I found this frame at a 2 day auction last fall. I went to the Sat auction and bought some stuff. This frame was up on Sunday but I couldn't be there. A friend was there and bought it for me. I was not able to get it till yesterday. I have no idea what it is. The frame is rusty, a few holes in it. The crank still turns as does the bars and fork. The bars have splits from ice in them. They are 8 sided, stem has no bolt, I don't know how it tightens. It is not straight with the fork so it may be able to be loosened. The crank is also rusty, cannot find any makers marks, I don't want to clean anything. The frame has a few dents and has a lot of pitting and a spot or 2 rusted through. The stays and fork are very narrow, both spaced about 2 3/4". The top stay has a nut that must adjust something or maybe it is to tighten the seat post as it has no bolt to tighten it. 
Does anyone know what this frame is. 
http://www.flickr.com/photos/105975074@N02/sets/72157640613798213/


----------



## fat tire trader (Feb 7, 2014)

That is a very interesting frame. The rear drop outs look familiar, maybe Remington?


----------



## fordsnake (Feb 7, 2014)

I've seen that chainring somewhere in my archive...I'll look for it. Mean time here's the one piece handlebar.



[/URL]


----------



## Iverider (Feb 7, 2014)

fat tire trader said:


> That is a very interesting frame. The rear drop outs look familiar, maybe Remington?
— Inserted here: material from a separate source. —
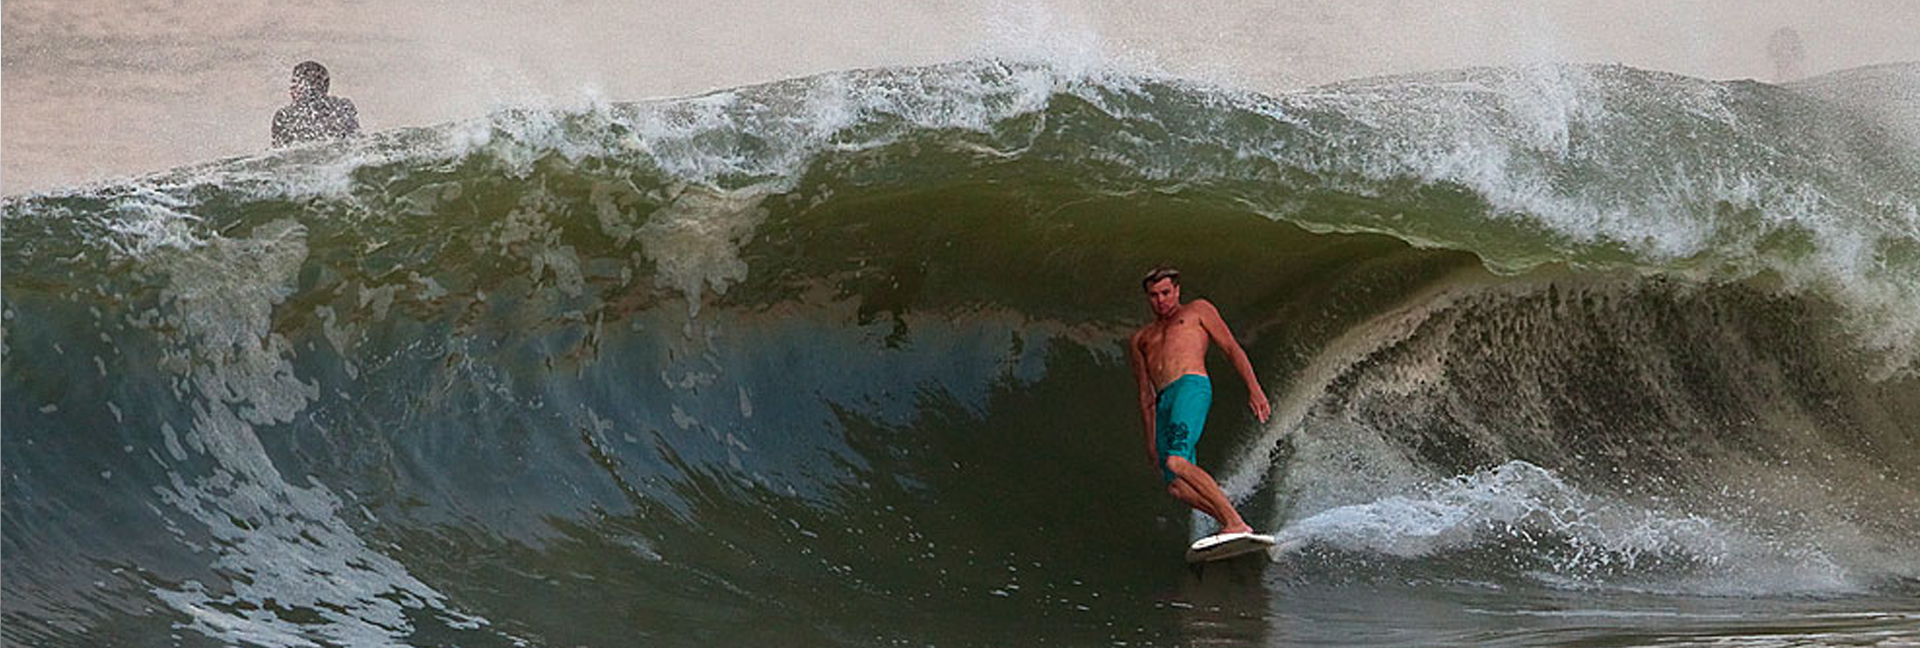 man surfing a huge wave in blue bathing suit

I was thinking the chainring looked like an Orient, but I'm not positive. The fork doesn't seem Orient-like.

Found this post with a Laclede with similar rear dropouts although the similarities in construction end there.

http://thecabe.com/vbulletin/showthread.php?28913-ND-Model-R-fixed-hub&highlight=orient


----------



## Rhcap (Feb 8, 2014)

*frame ID*

The chain ring is not an orient. The rear dropouts are the same as on a "Butler" by Adams Cycle Company Chicago Illinois. That is the only bike on which I have ever seen these drop outs, but the Butler has hexagonal and octagonal drawn frame tubes. The chain ring and bottom bracket are also different. It is likely an 1890's frame. Hope this helps.
Rob


----------



## fordsnake (Feb 8, 2014)

The good news: I found the (patented 1898) chainring.   

The bad news: your bike is the sum of many (non proprietary) parts, maybe impossible to ID?


----------



## oldy57 (Feb 8, 2014)

Thanks for the info on the parts. The bars look the same but mine has an octagonal shape stem where the bars were inserted, could be a change when the maker went to make them.  Maybe when I get the bars out it will have the makers mark. Probably will be too rusted to see. The dropouts are the same as your pic. The chainring is the same. This frame could have been made for a bike shop and used the designs you show in the pics. 
.


----------



## filmonger (Feb 8, 2014)

Carlton .... You arrrrrre goooood!


----------